Gambian President Yahya Jammeh has signed into law a bill which mandates life sentences for “aggravated homosexuality” and targets “serial offenders” and people with HIV or AIDS, the Associated Press reports. The law was apparently signed October 9, but “no government officials have yet publicly notified the country of the new law.”
According to Human Rights First, the Gambian law seeks to punish those who engage in consensual relationships with a person of the same sex, putting sex acts on a par with pedophilia, incestuous sexual abuse, and the deliberate passing of HIV to an unknowing partner. It contains language similar to that contained within Uganda’s Anti-Homosexuality Act, which was struck down on a technicality by the nation’s Supreme Court. The bill refrains from punishing organizations or treatment centers which work with LGBT citizens, unlike its Ugandan counterpart, instead specifically focusing on individuals engaging in homosexual acts.
Gambia has recently stepped up its actions against LGBT citizens, beginning November with a “crackdown on ‘homosexuality'”, according to Amnesty International. Eight people — four men, a 17-year-old boy and three women — have been arrested, detained and tortured since November 7 in a joint operation between Gambia’s National Intelligence Agency and the Presidential Guards which Amnesty are calling “state-sponsored homophobia.”
“This unacceptable crackdown reveals the scale of state-sponsored homophobia in Gambia,” Amnesty’s Deputy Regional Director for West and Central Africa, Steve Cockburn, said in a statement. ” Intimidation, harassment, and any arrest based solely on sexual orientation or gender identity is in clear violation of international and regional human rights law. The Gambian authorities must immediately stop this homophobic assault.”
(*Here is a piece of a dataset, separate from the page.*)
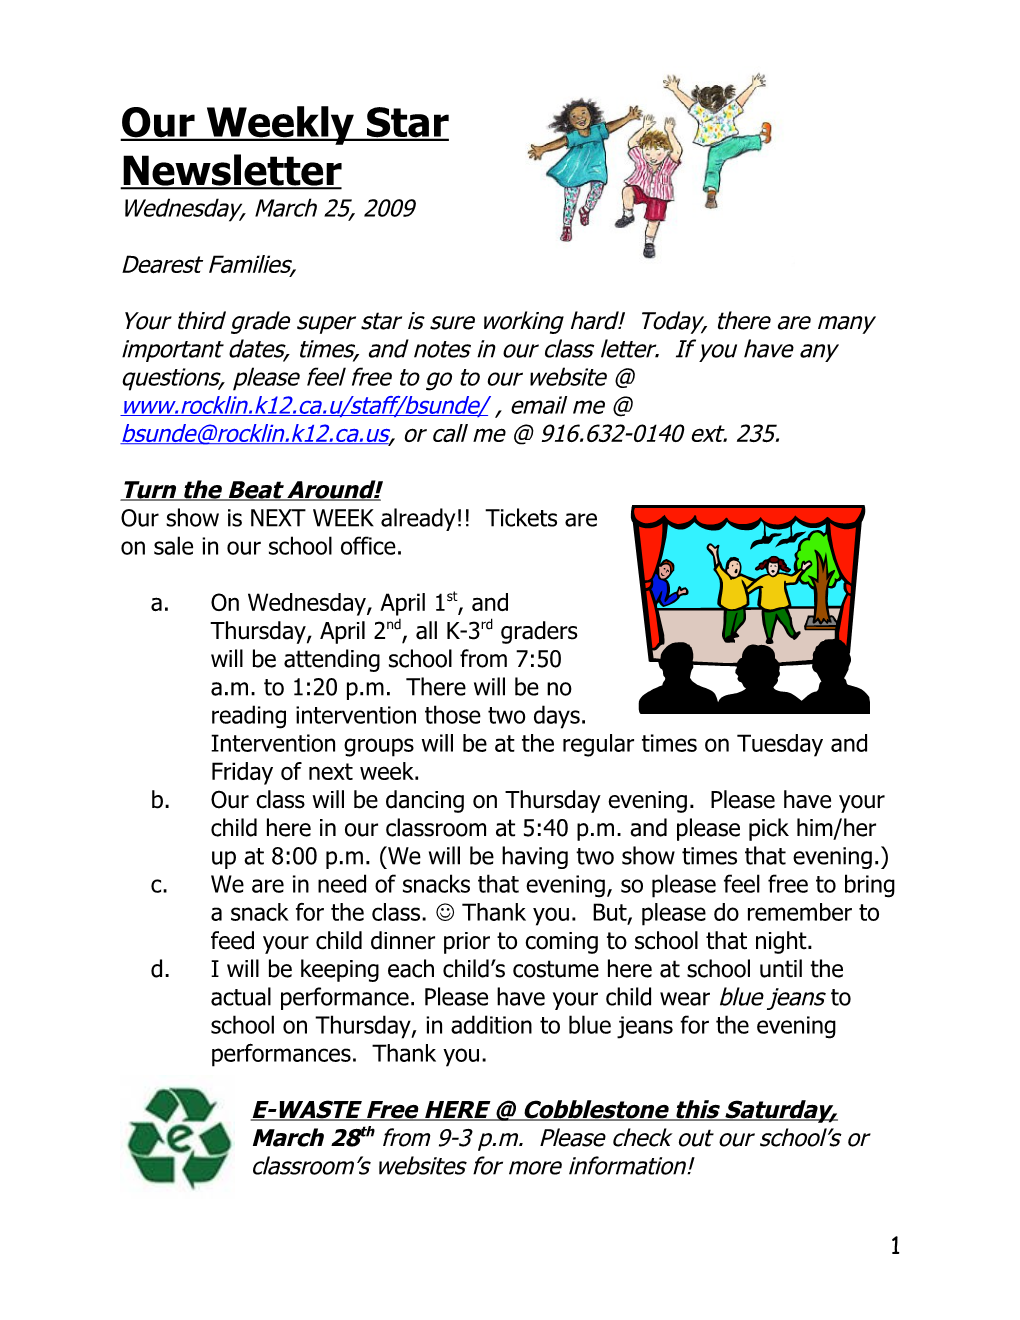 Our Weekly Star Newsletter

Human Rights First’s Advocacy Counsel, Shawn Gaylord, voiced concerns that government-sanctioned violence could increase with the passing of the new law. “We are very concerned that this abhorrent law will lead to an increase in the government crackdown on LGBT Gambians, and even greater impunity for violent acts against them,” he stated, adding, “The United States must make it clear to President Jammeh that increased targeting of LGBT people will damage the bilateral relationship.”
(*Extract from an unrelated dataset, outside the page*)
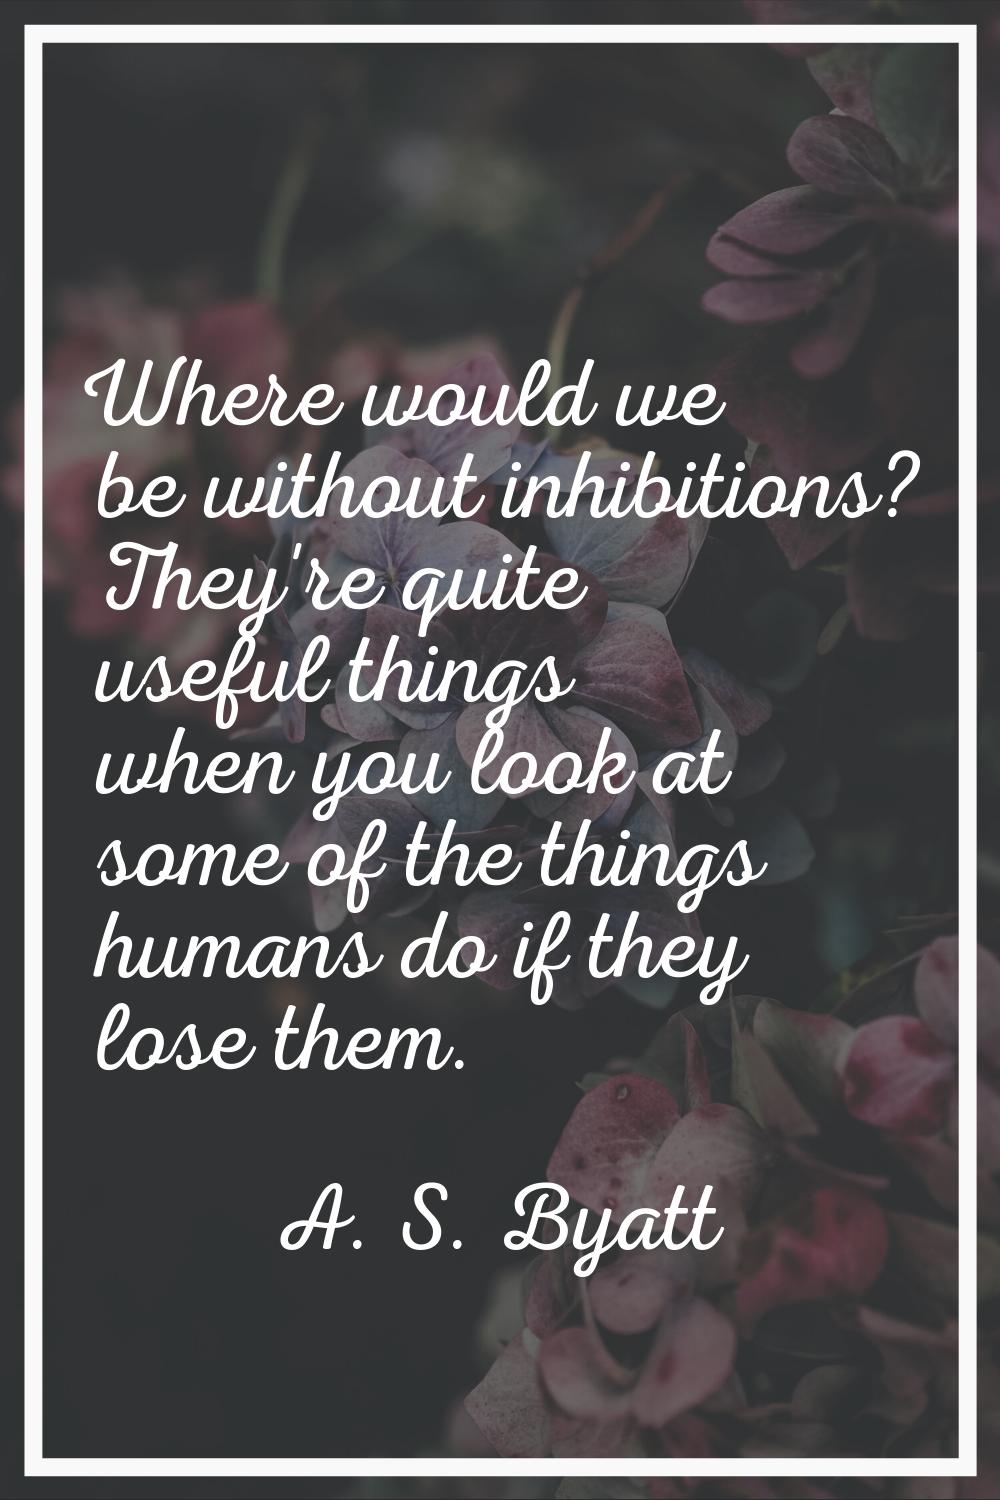 Where would we be without inhibitions? They're quite useful things when you look at some of the thi

Gaylord also condemned Gambia’s anti-gay law. “The enactment of this bill is an alarming setback for the protection of human rights in Gambia, where members of the LGBT community face an ongoing government crackdown that includes arrests, detention, and abuse,” he said. “We urge the Obama Administration to immediately publicly condemn this legislation and to explore all available avenues for response.”
The Human Rights Campaign (HRC) echoed Gaylord’s sentiments, condemning the law. “These draconian laws have no place in the 21st century, and the United States must send a clear message that the Gambian government cannot trample on the rights of its LGBT citizens,” said HRC President Chad Griffin. “We call on the Obama Administration to conduct a full diplomatic review of the United States’ relationship with The Gambia.”
The HRC’s Global Director, Ty Cobb, specifically criticized President Jammeh for “[riding] a wave of anti-LGBT laws enacted in Africa.
“He has been one of the most violently vocal opponents of LGBT people—promoting stigmatization, describes them them as ‘vermin’ and even calling for their death,” Cobb continued. “But it’s very important to note that this is a global problem, not an African one.”
Earlier this year, Reuters reported that President Jammeh, in a speech to mark Gambia’s 49th year of independence from Britain, stated, “We will fight these vermins called homosexuals or gays the same way we are fighting malaria-causing mosquitoes, if not more aggressively. We will therefore not accept any friendship, aid or any other gesture that is conditional on accepting homosexuals or LGBT as they are now baptised by the powers that promote them. As far as I am concerned, LGBT can only stand for Leprosy, Gonorrhoea, Bacteria and Tuberculosis; all of which are detrimental to human existence.”
Jammeh rose to power in a coup in 1994, and has since drawn international criticism for human rights abuses, restriction of press freedoms, and his use of the death penalty in 2012, which, while enshrined in law, had not been practiced since 1985.